If you’re an associate working in a dental practice and branching into facial aesthetics, you may be wondering: What’s the fairest financial arrangement when offering treatments like Botox and dermal fillers? You’re not alone—this is one of the most common questions among newly trained practitioners, especially those looking to integrate aesthetics into their existing clinical setup.
Many associates operate under a 50/50 model for general dentistry. But does that apply to facial aesthetics too? Let’s explore the most common and sustainable options.
Understanding Your Value
Before diving into numbers, consider what you bring to the table:
You’ve paid for multiple training courses.
- You’ve purchased equipment like microneedling devices and skincare products.
- You’ve invested in marketing materials (e.g., posters, brochures).
- You’re planning to run clinics during evenings and weekends—often without a nurse.
You’re not just providing a treatment—you’re building a mini-business within a business.
Therefore, your financial arrangement should reflect this investment and entrepreneurial initiative.
3 Common Financial Models for Associates
Option 1: The 50/50 Split (Similar to Dentistry)
This is the default model in many practices where associates offer private or cosmetic dental work. Under this model:
- You perform the facial aesthetics treatments.
- The practice provides the room, CQC compliance, admin/reception, and utilities.
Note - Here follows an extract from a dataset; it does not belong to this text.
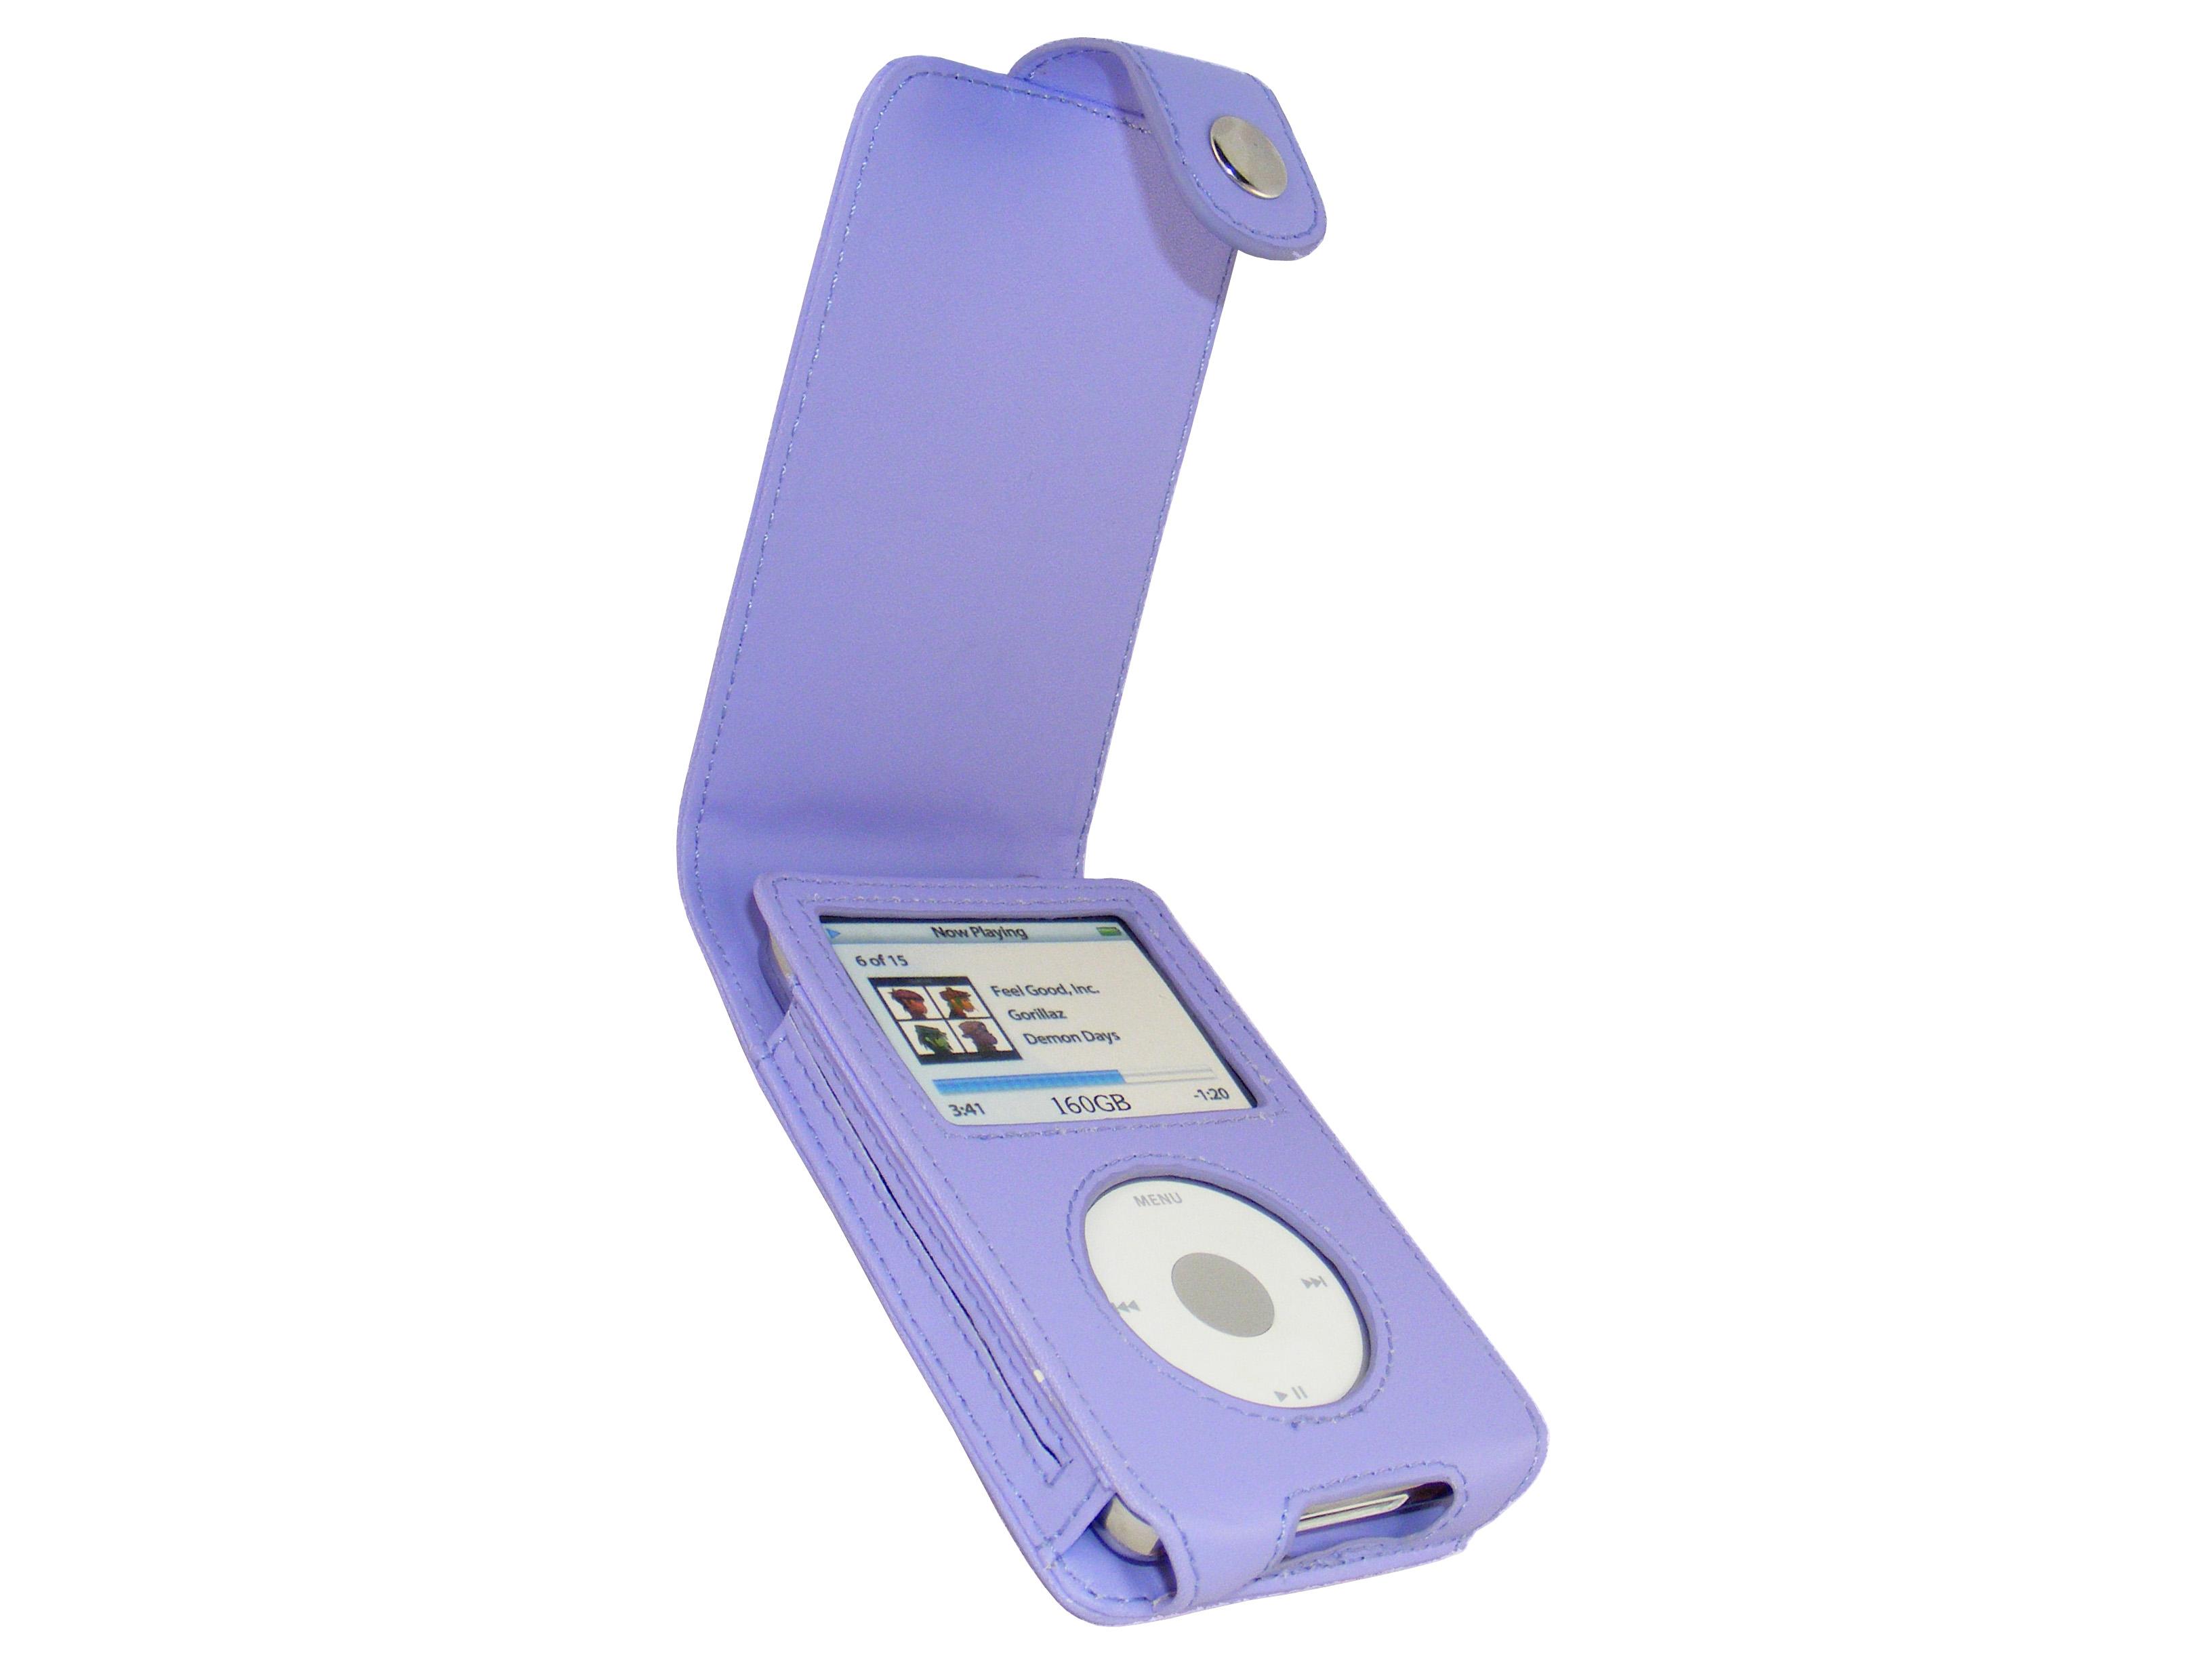 iGadgitz Purple PU Leather Case for Apple iPod Classic 80gb, 120gb & latest 160gb + Belt Clip & Screen Protector
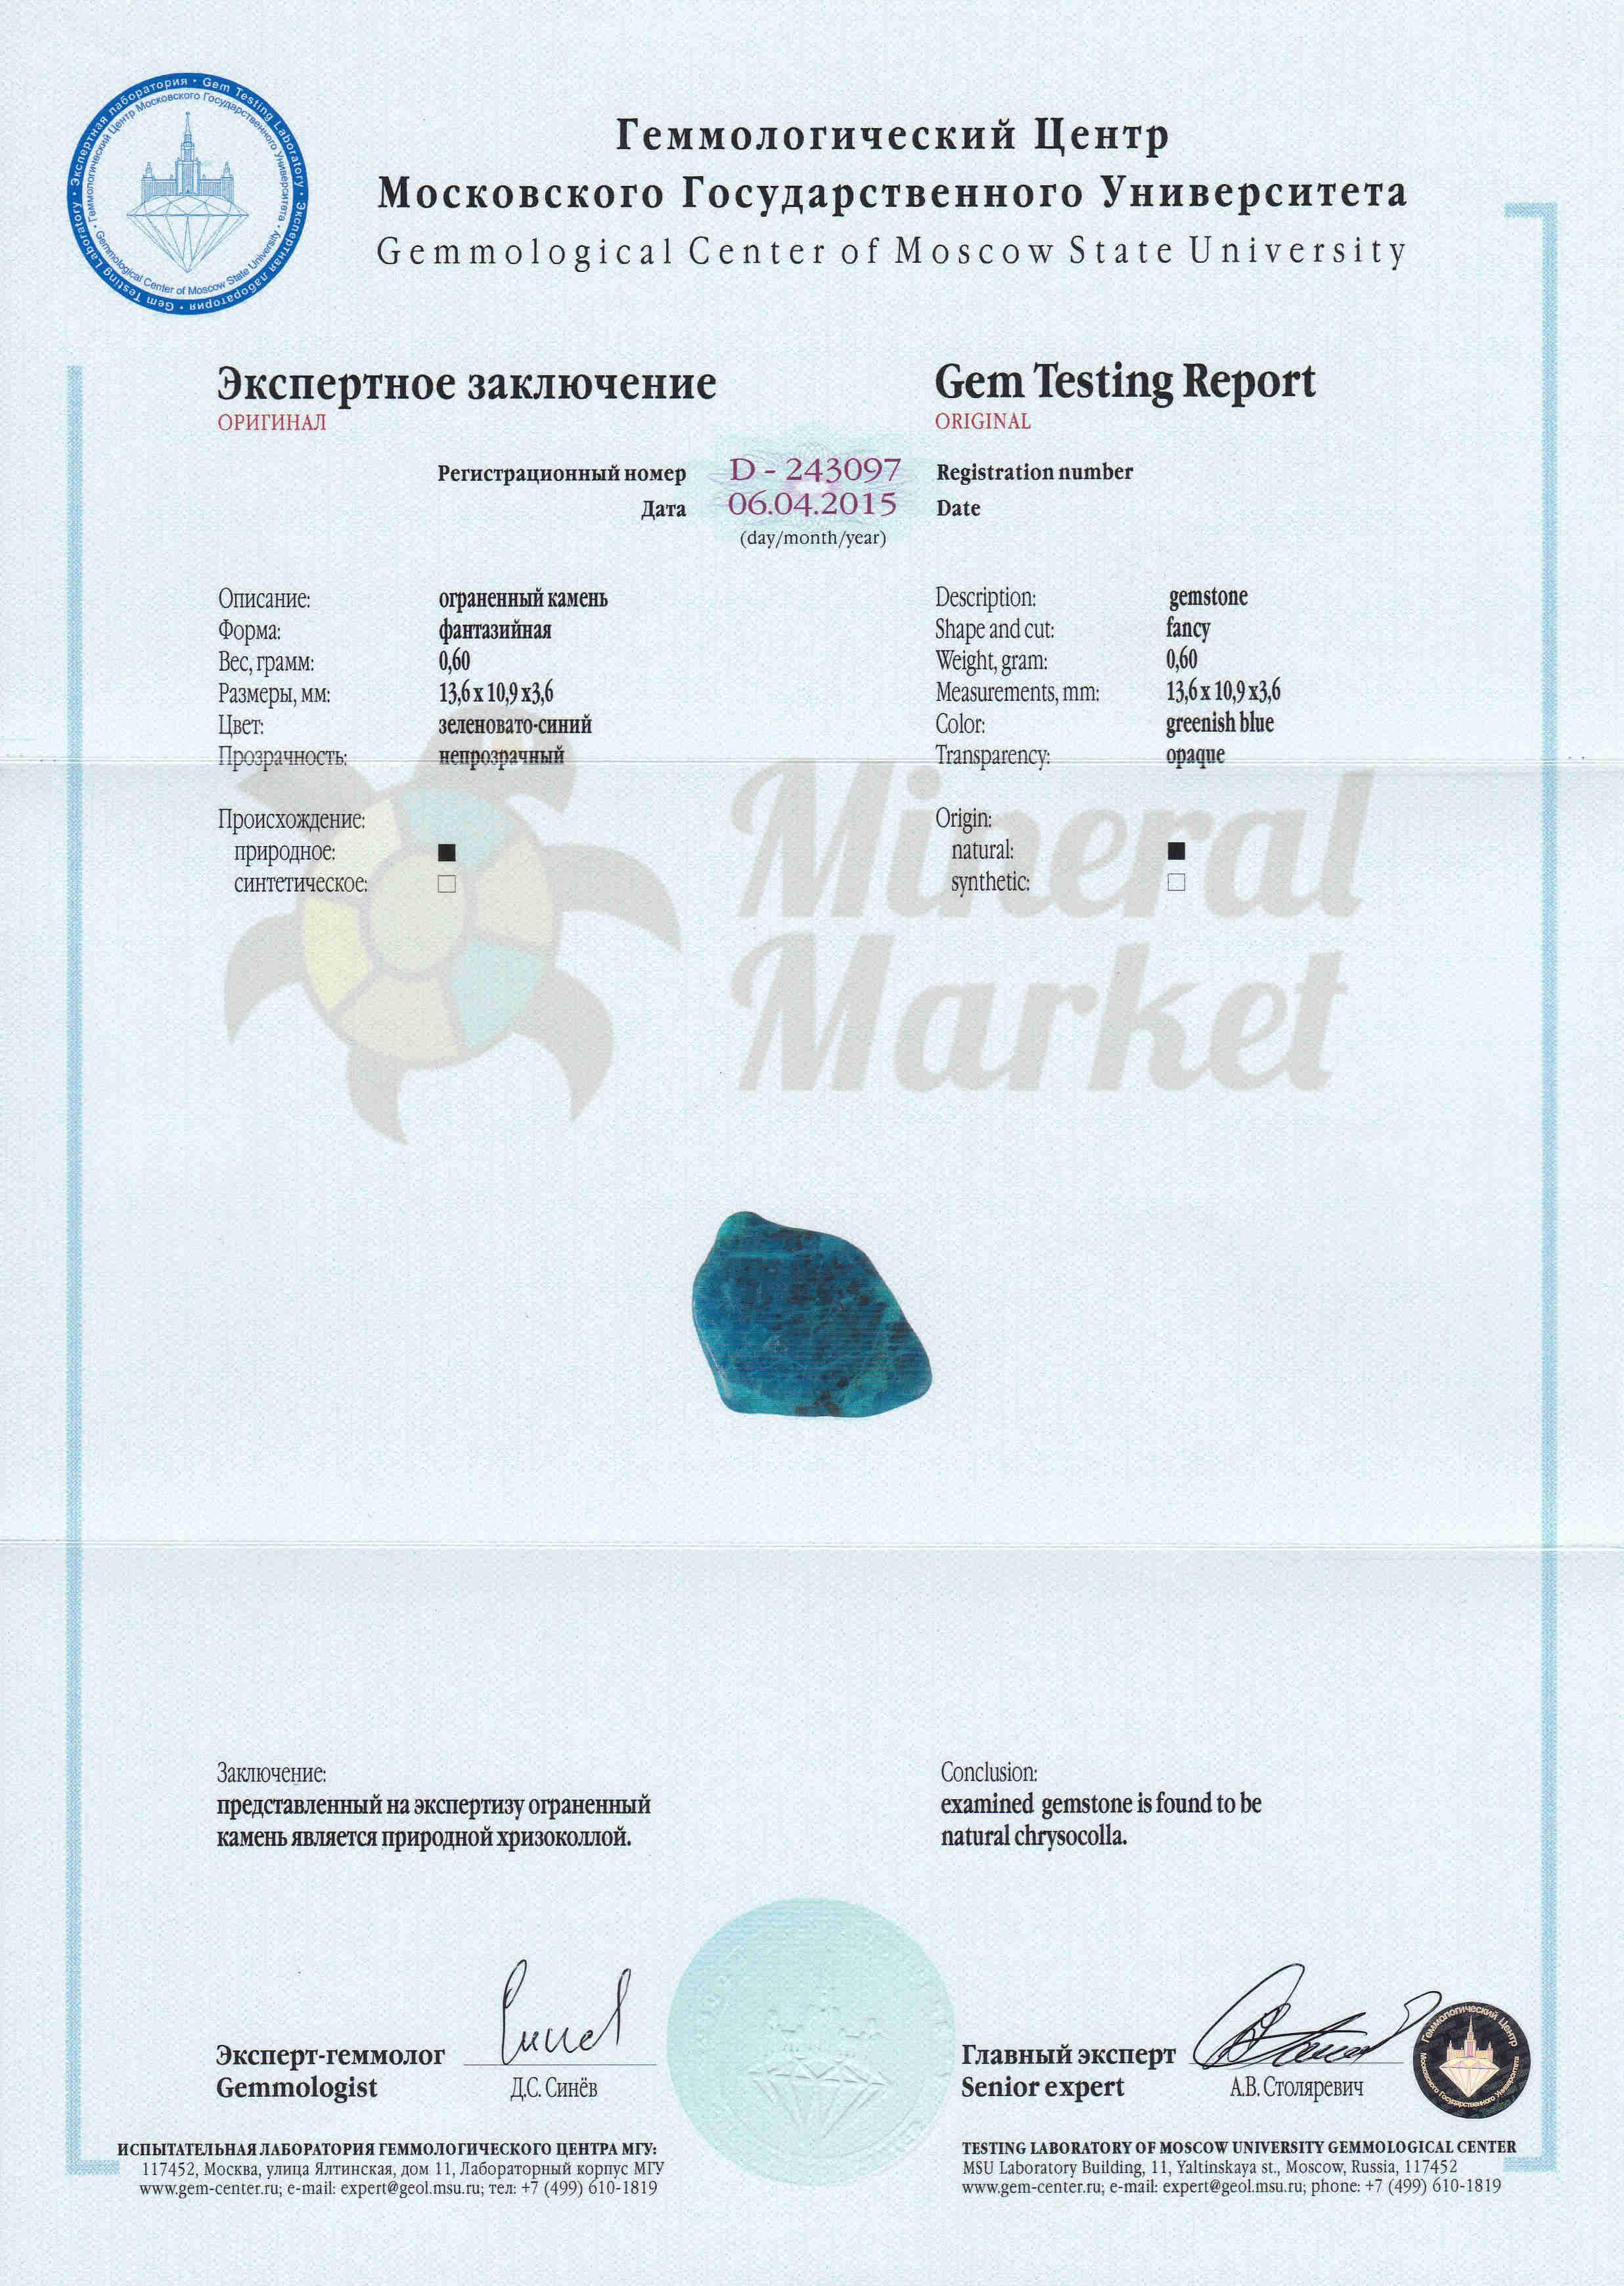 https://mineralmarket.ru/img/certificate/133/133.jpg

- Treatment revenue is split 50/50.
- Any material costs (toxin, filler, consumables) are usually treated like a “lab bill” and deducted before the split.
Pros:
- Straightforward and familiar.
- No upfront costs for room hire.
- The practice has some incentive to help promote you.
Cons:
- You take on all the risk (training, stock, marketing), but only get half the reward.
- Doesn’t account for the fact that you’re sourcing your own patients and managing branding.
Who this suits:
Those just starting out and using the practice’s footfall, systems, and support—but less suited if you’re aiming to grow your own brand within the business.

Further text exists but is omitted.